The U.S. and a smart oligarchy

March 2, 2020 - 15:14

TEHRAN - The Democratic primary is a serious test for the U.S., and one should wait and see how the remaining hopes for a free and fair presidential election in the U.S. and the real domination of democracy in the country will be destroyed by eliminating persons like Bernie Sanders.

The American people vote in practice and there is no change in their votes. The point is that the factor that determine the results is not the majority of votes, but an electoral system called the "Electoral College".

For example, in the 2016 election, the major candidate of Democratic Party Hillary Clinton won 65 million of people’s votes, while Republican candidate Donald Trump won 62 million of people’s votes, but he became president with more electoral votes.

Such a thing previously happened in the U.S. in 2000. At the time, Al Gore won 500,000 popular votes more than George W. Bush, but Bush, the Republican candidate, became the U.S. president.  

Despite all the weaknesses of the Electoral College system and arguments between its supporters and opponents, it cannot be identified as the main threat to democracy in America. Many believe that the significant role of wealth and power in American election engineering is the most important danger that has caused a safe election become a dream in this country.

This issue led many experts to refer to the American political system as a plutocracy (the superiority on rich minority over poor majority) or an oligarchy.

In this regard, Kevin Phillips, a prominent American writer and political strategist in Richard Nixon’s government said that the United States is not a democracy, but a plutocracy in which money and government are strongly intertwined.

Currently, the support of power and wealth holders for taking power in the U.S. political system is of the most importance.

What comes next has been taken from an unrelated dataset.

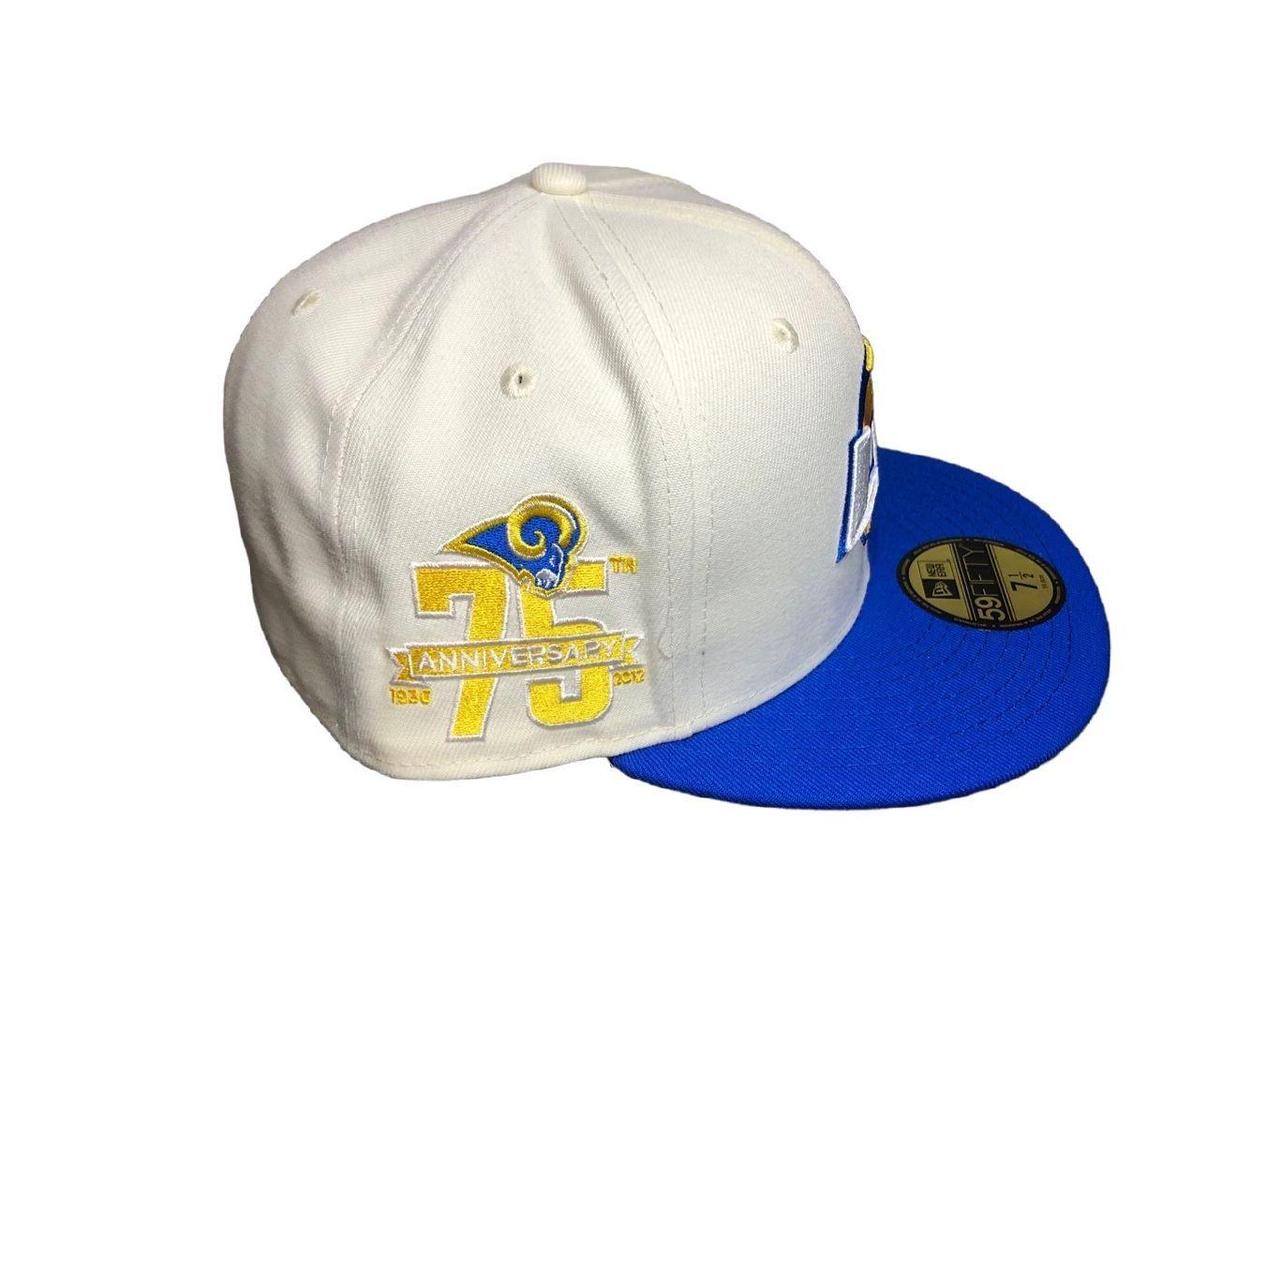 LA Rams old school Mitchell & Ness SnapBack hat. - Depop
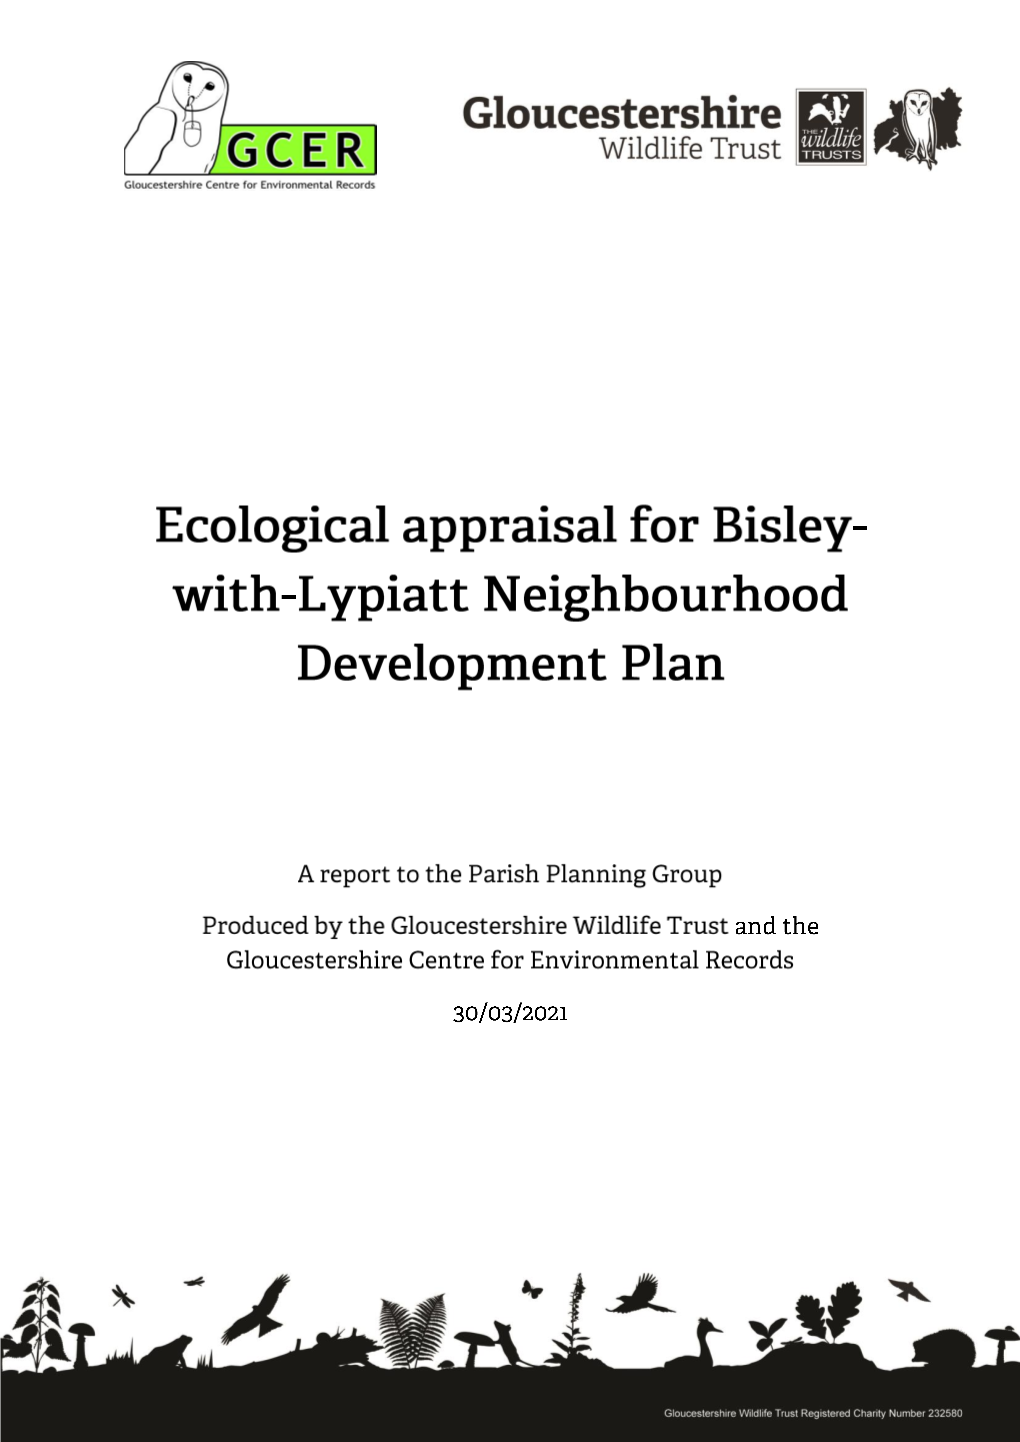 GWT Bisley with Lypiatt NDP Wildlife Appraisal FINAL

Groups that are known as “Super PAC” these days have a key role in empowering candidates in various American political positions.

George McGovern is one of the most telling examples in this regard. McGovern was a Democrat and Richard Nixon’s rival in the 1972 presidential election. He was opposed by the Democratic Party because of his stance against the Vietnam War, cutting U.S. military budget and refusing the support of lobbyists and financial institutions.

The Democratic Party, backed by lobbyists, launched a movement called “anyone except McGovern”. Therefore, he lost the votes of the Democratic Party, while he had not had the Republicans’ votes from the beginning, so he lost the election. He later said, “I lost to Nixon because I was against the war”.

Now few may remember those years, but this strange election engineering is still used as a key model by lobbyists and power-holders, to the extent that many now refer to Bernie Sanders as the second McGovern, believing he will also face lobbyists’ anger because of its opposition to wealth-holders as well as opposition to U.S. military policies around the world.

Some figures like Michael Bloomberg, the tenth richest man in the U.S., has further reinforced the idea of the importance of money and wealth in the U.S. election by his sudden presence in the Democratic race.

Bloomberg distributes free food and booze in many campaign events and has spent more than $ 300 million on advertising in the past month alone. His efforts have been effective, and Bloomberg has gained a good place in the polls despite not being present in the Iowa and New Hampshire elections.

Figures like Bloomberg in the U.S. political system show that money and wealth have become a key factor in the U.S. to help candidates to take power. For example, by looking at the spending of candidates in congressional elections, we will find out that nearly 90 percent of the candidates who have spent the most have won the U.S. congressional election.

The U.S. election is limited to the Democratic and Republican parties, and the electoral process is designed in a way that the third party is less likely to take part in the race, so people have to choose someone from the Democratic or Republican Parties.

In fact, any third party is practically absent from the debates, is not reflected by media outlets and is not financially backed. This is what many called that a two-party dictatorship or a smart oligarchy in America.